◆ **Required action**: Verbatim copy, pictures excluded: every line from the one with "Bosch GWS 24-230" through the final line of the data below, and no other line.

Dataset section: Begin

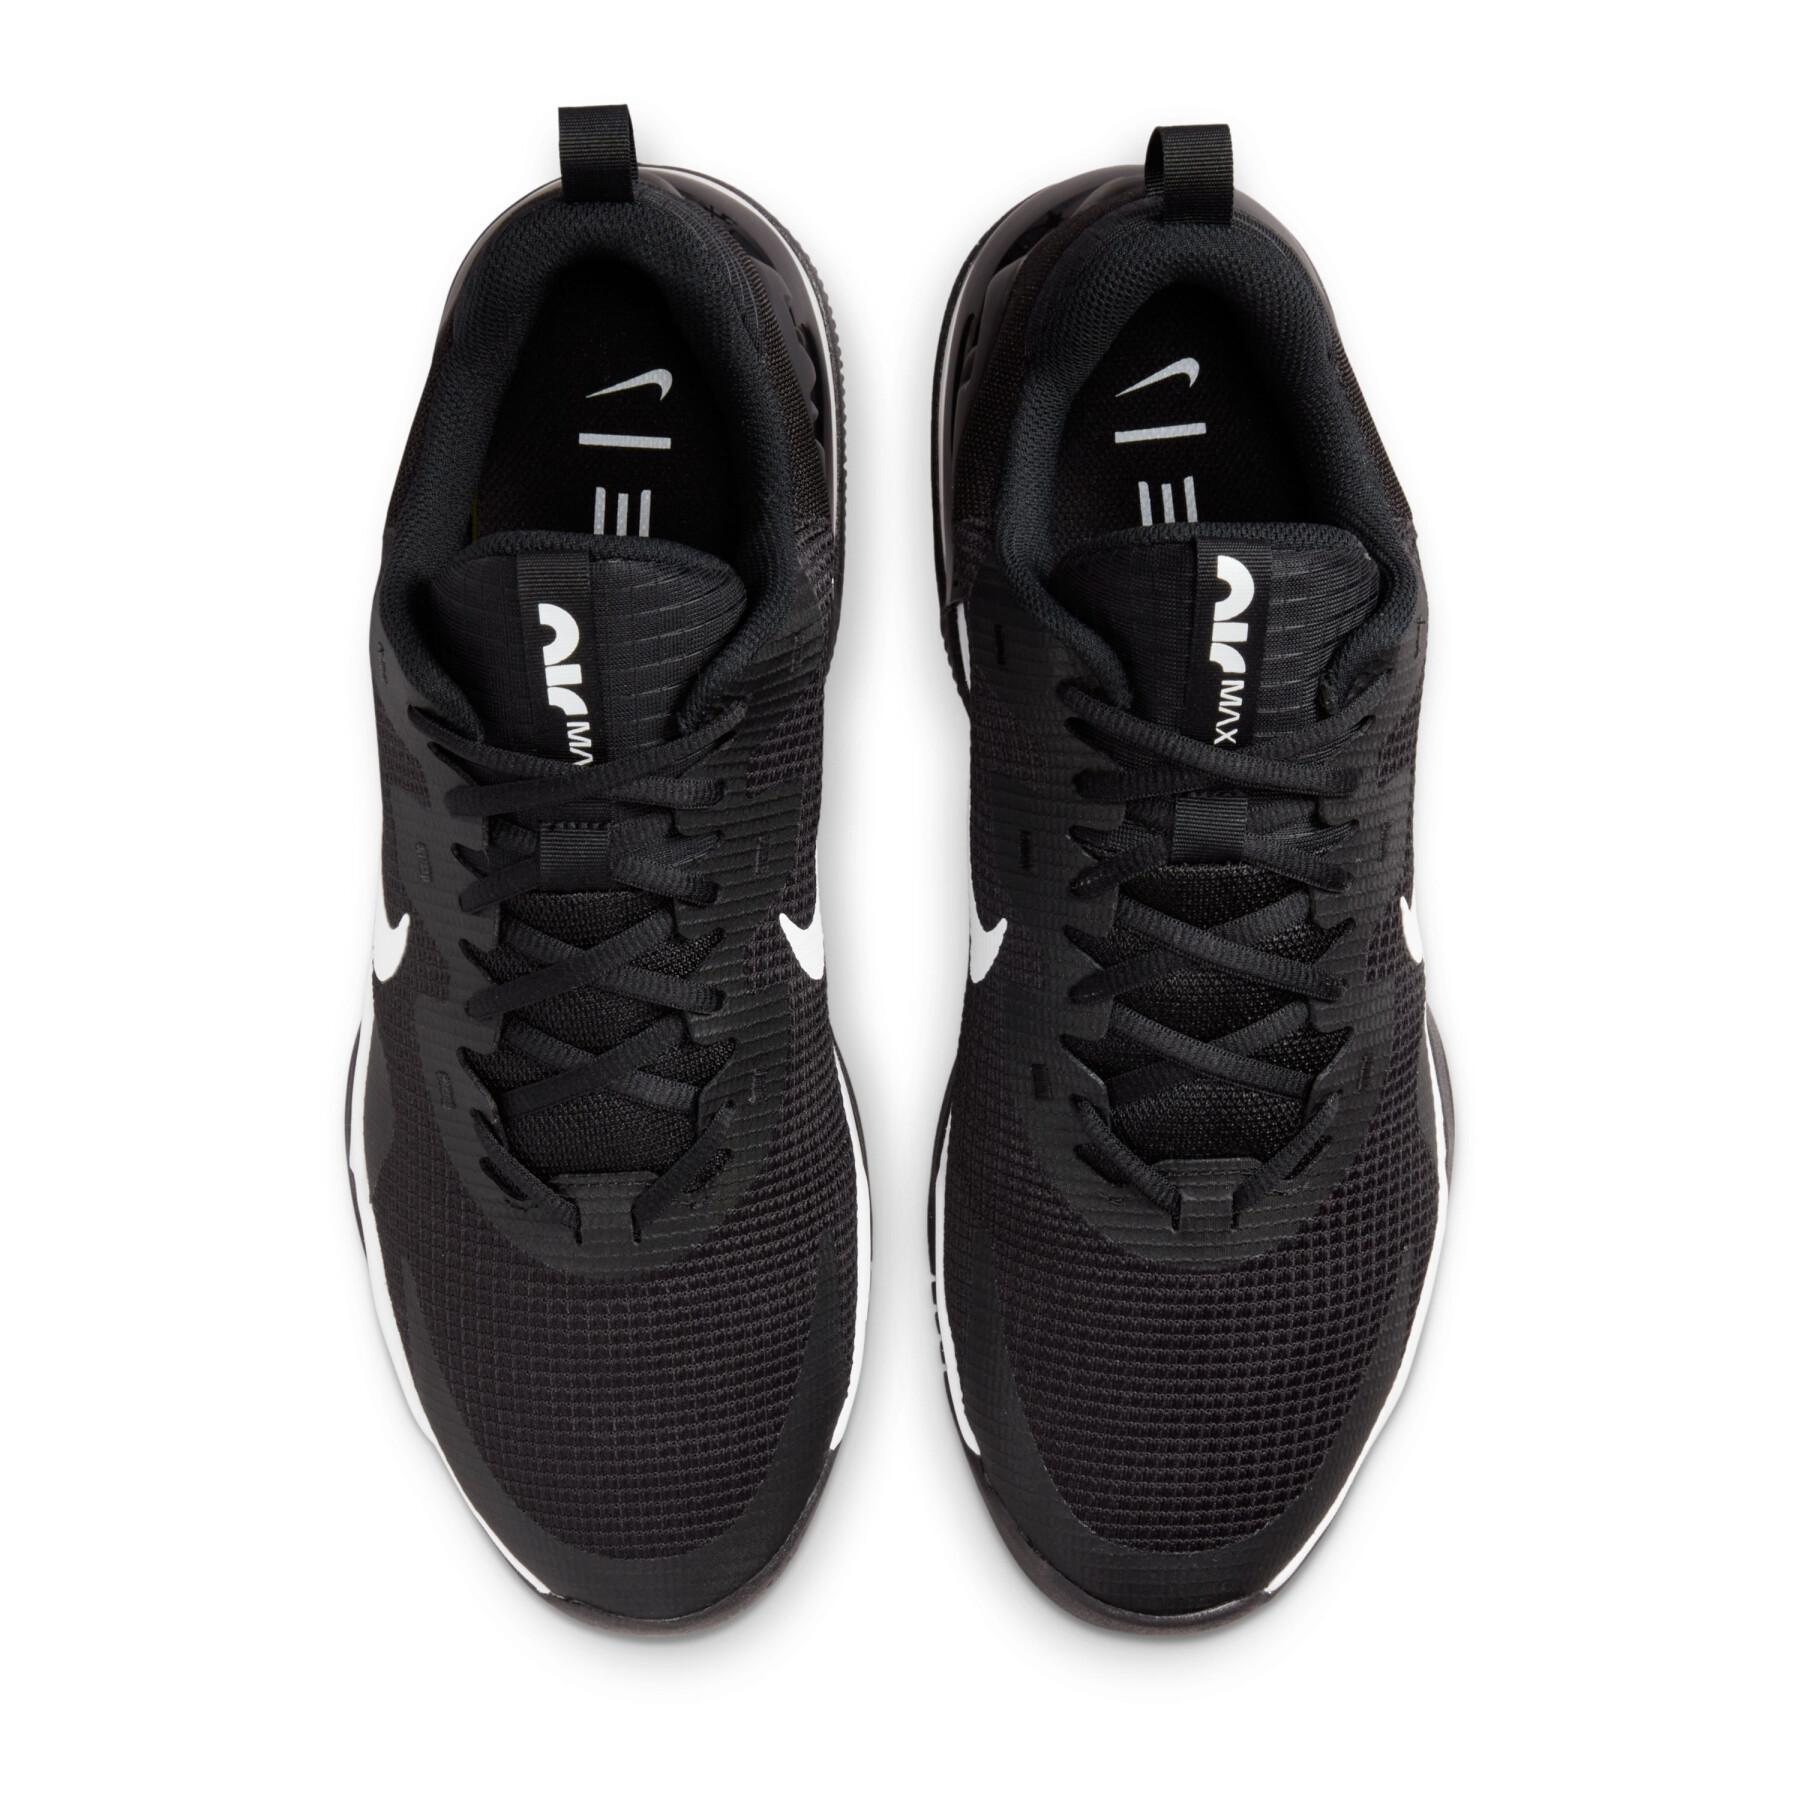 CrossFit Schuhe Nike Air Max Alpha Trainer 5
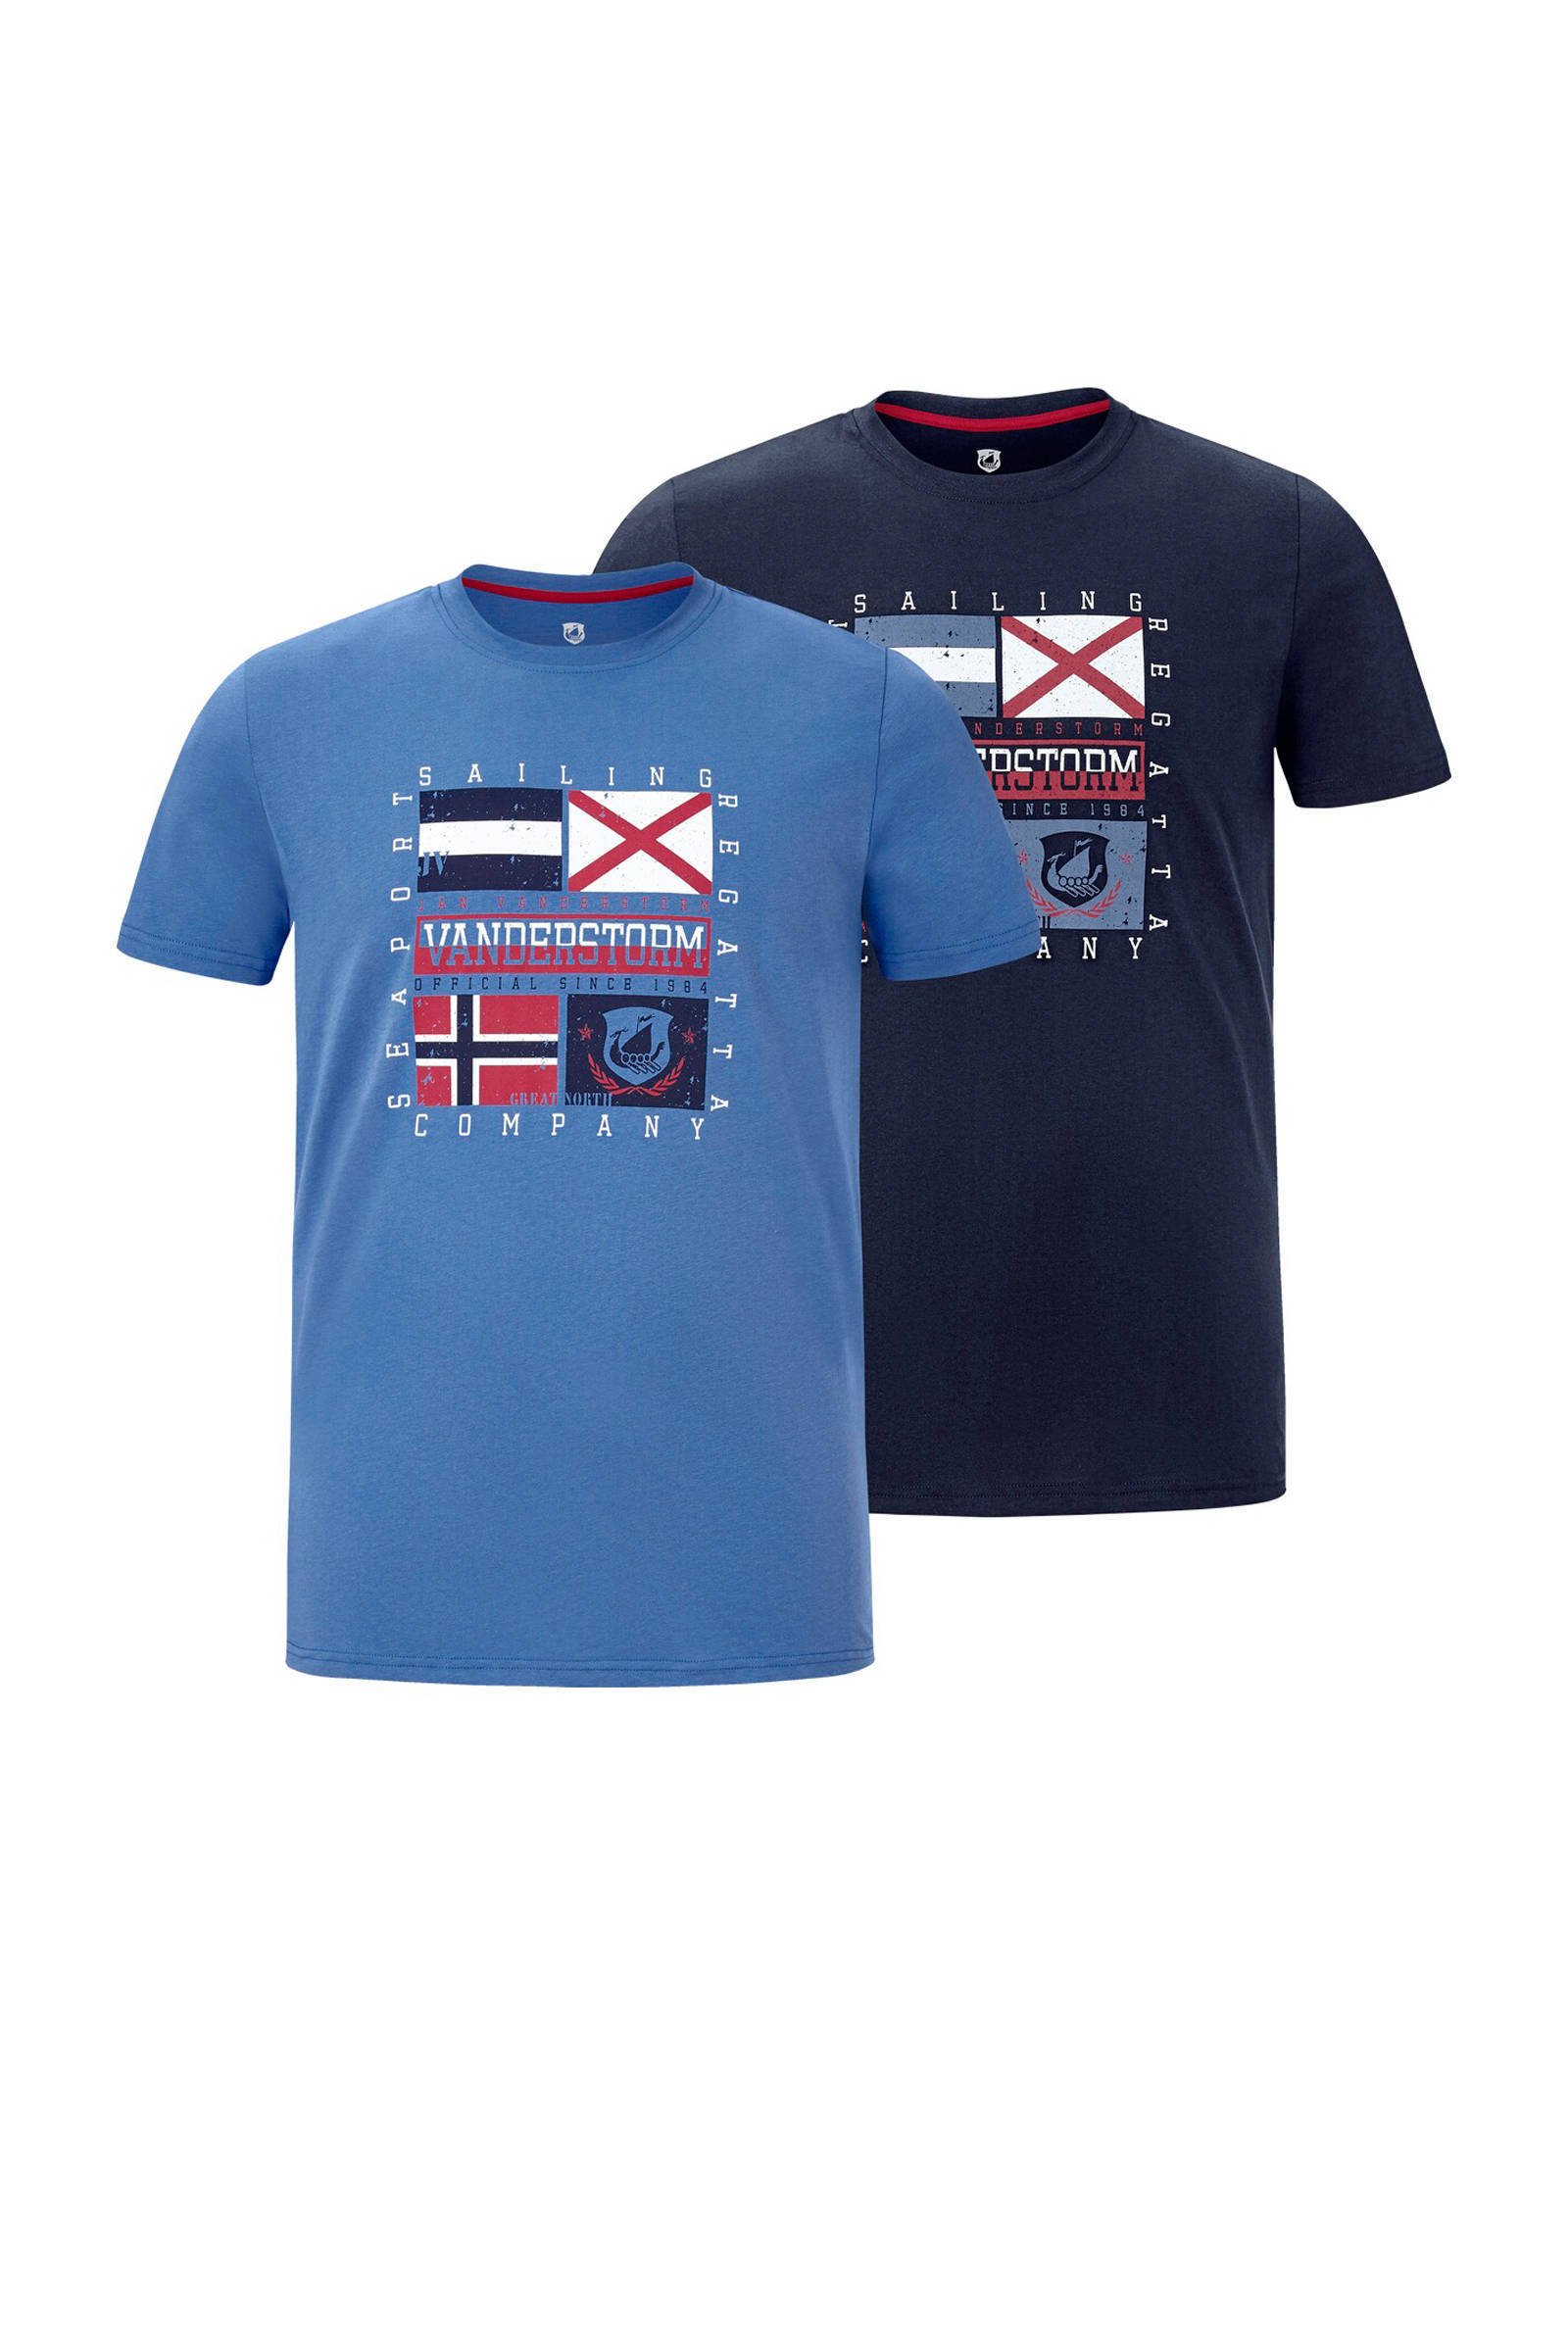 Jan Vanderstorm T shirt PREBEN in 2 kleuren, comfort fit(Set van 2 ) online kopen
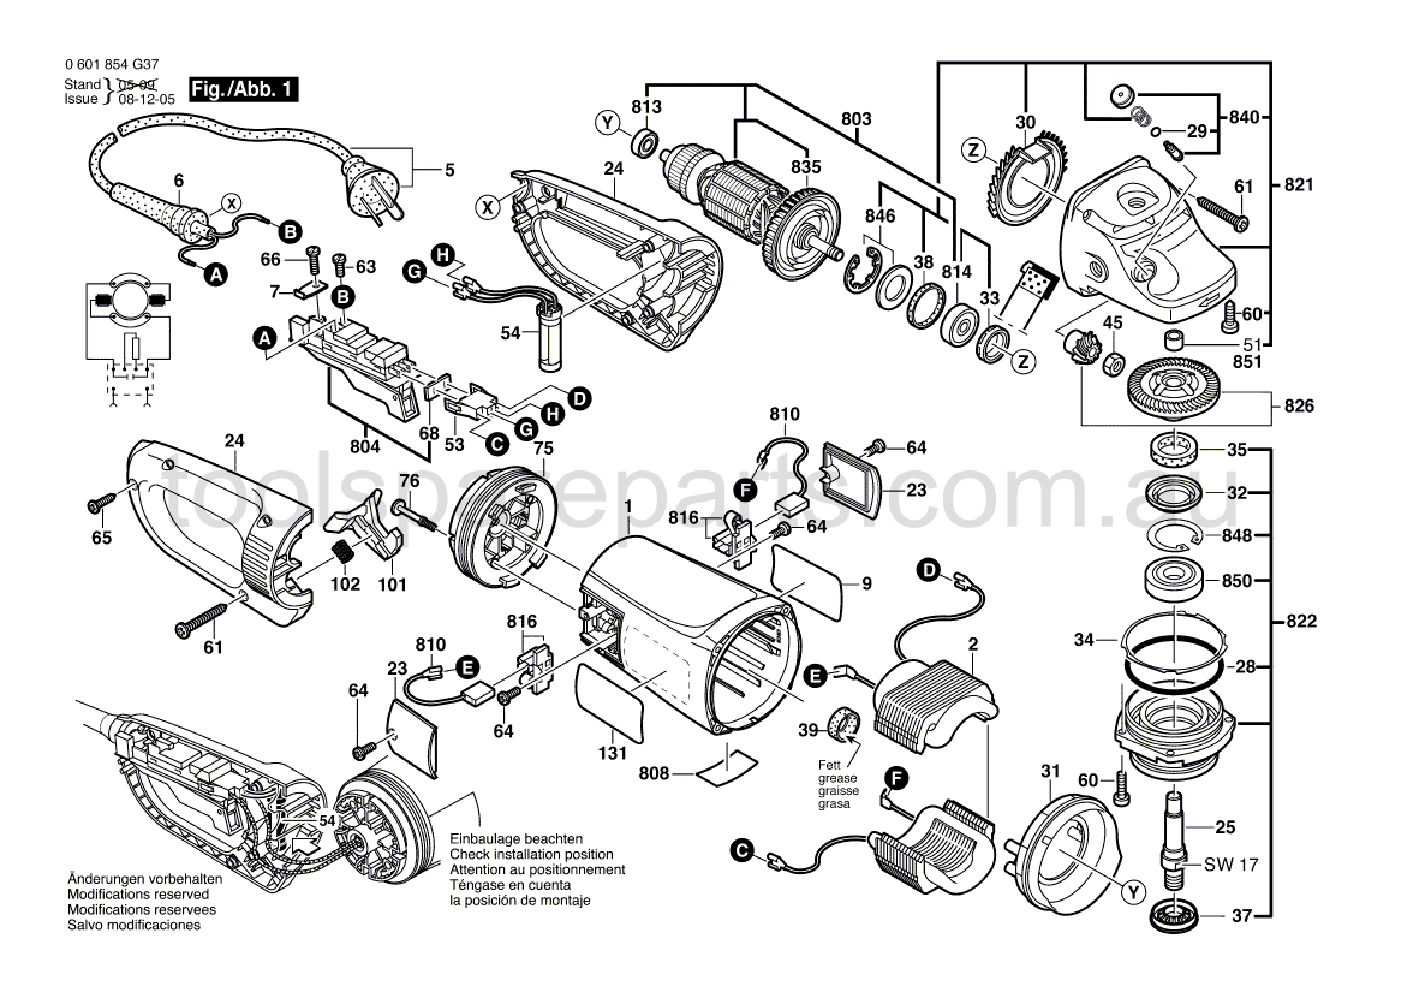 Bosch GWS 24-230 JBV 0601854G37  Diagram 1
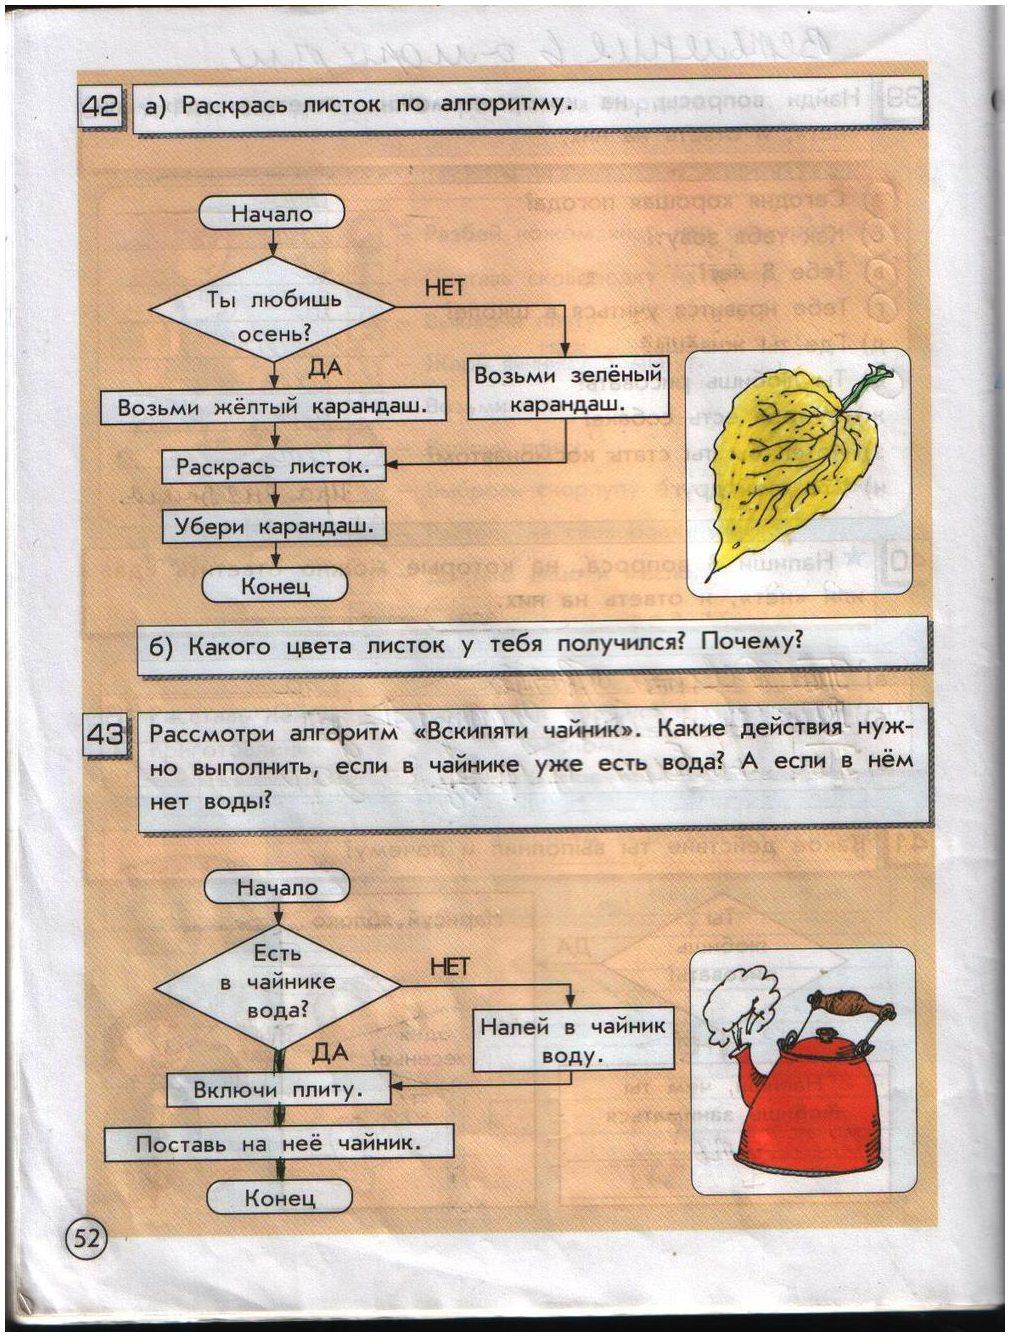 ГДЗ Информатика 2 класс часть 1 страница 52 Горячев, Горина

Dataset section: End

◆ **Your solution**:
 Bosch GWS 24-230 JBV 0601854G37  Diagram 1
 ГДЗ Информатика 2 класс часть 1 страница 52 Горячев, Горина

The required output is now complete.